Вот они поднимаются, покидают бар, но
наливаются кровью их бычьи шеи,
и все вспоминают, что это плохие парни.
Положительные герои не дремлют тоже.
Начинается перебранка и перестрелка.
Если хочешь спать, пуля тебя уложит…
Между тем на город нацеливаются тарелки
инопланетян, похожих на что-то вроде
абрикосового желе с сиреневыми глазами.
Ты идёшь на кухню.

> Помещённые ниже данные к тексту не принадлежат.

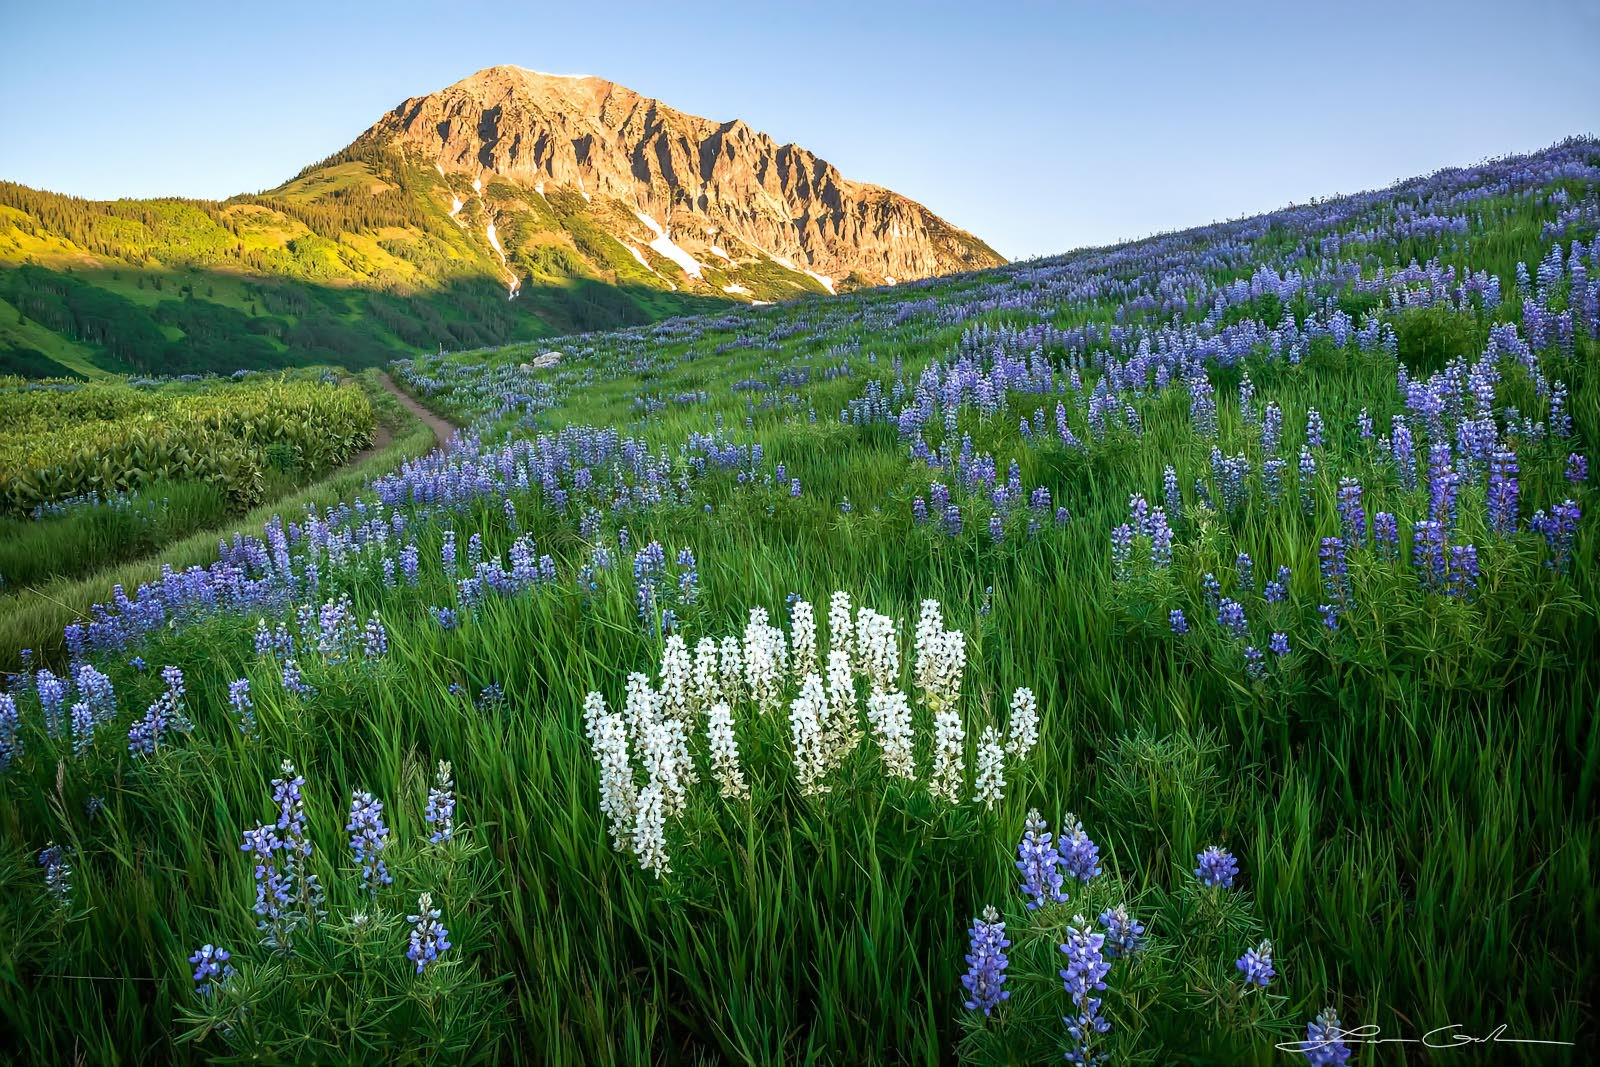 White and purple lupine flowers on a hill meadow and mountain in the background

Рухнув, лежишь в проходе.
Изо рта с шипением выползают
титры – это что ещё за сюрпризы?
Бог раскрывает зонт, говорит, всё идёт по плану.

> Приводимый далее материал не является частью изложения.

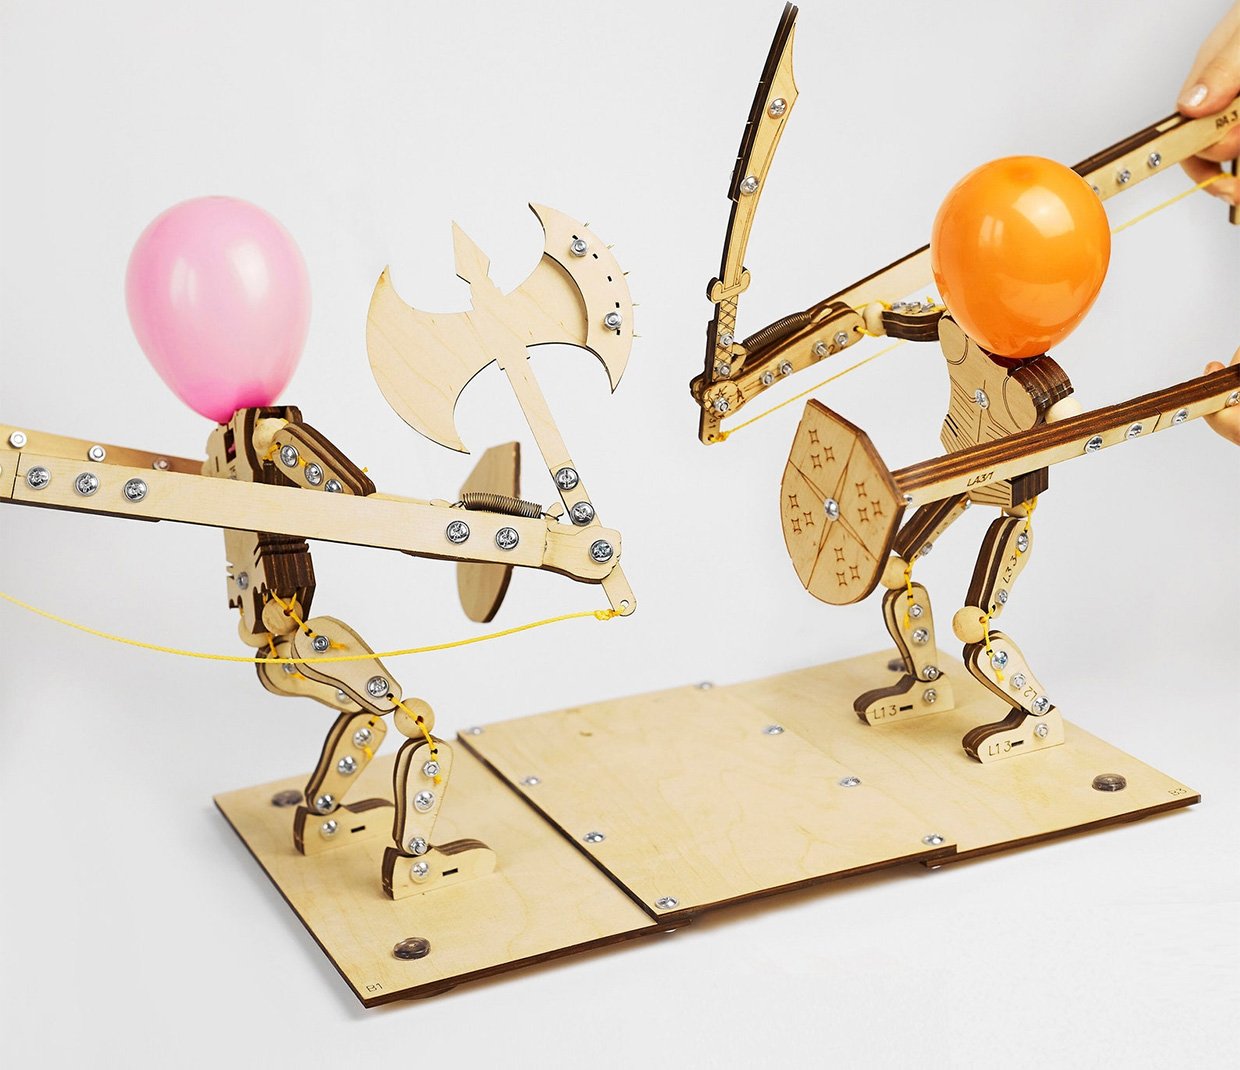 Balloon Fighter Game

Срочно звони любовнице, делай визы.
На ковчег позволено только парам.
* * *
Детектив прибывает на место убийства,
не находит ни трупа, ни даже улик.
Что-то здесь, помрачнев, говорит он, нечисто,
будто хакеры стёрли единственный линк,
отсылающий нас к обстоятельствам квеста
или действия, в терминах я не силён…
Он даёт интервью, производит аресты
и, со всею страной поднимаясь с колен,
продолжает ходить в туалет и на службу,
выезжать на природу, карьерно расти.
И за ним остаются кровавые лужи.
Что ж… У каждого свой узнаваемый стиль.
Мы и сами, дружок, крепостные сюжета,
не суди его строго, иди и смотри,
как за барною стойкой убийца и жертва
заливают текилой огонь изнутри;
как под пошлый шансон на разбитом рояле,
в киноварных лучах, формирующих Икс,
эти двое встают, поменявшись ролями,
и выходят из бара, из памяти, из
наработанных образов. Слышится выстрел.
Всполошившийся голубь взлетает. И вот
детектив прибывает на место убийства
в положении лёжа, ногами вперёд.
* * *
Помню, была я девочкой, говорит рыба.
Это ещё до того, как пошли на нерест,
до того, как меня поймали и принесли на рынок,
бросили на лоток, ушибив челюсть,
и без того покоцанную крючком, бля.
Нет, я не жалуюсь – просто рассказываю как было.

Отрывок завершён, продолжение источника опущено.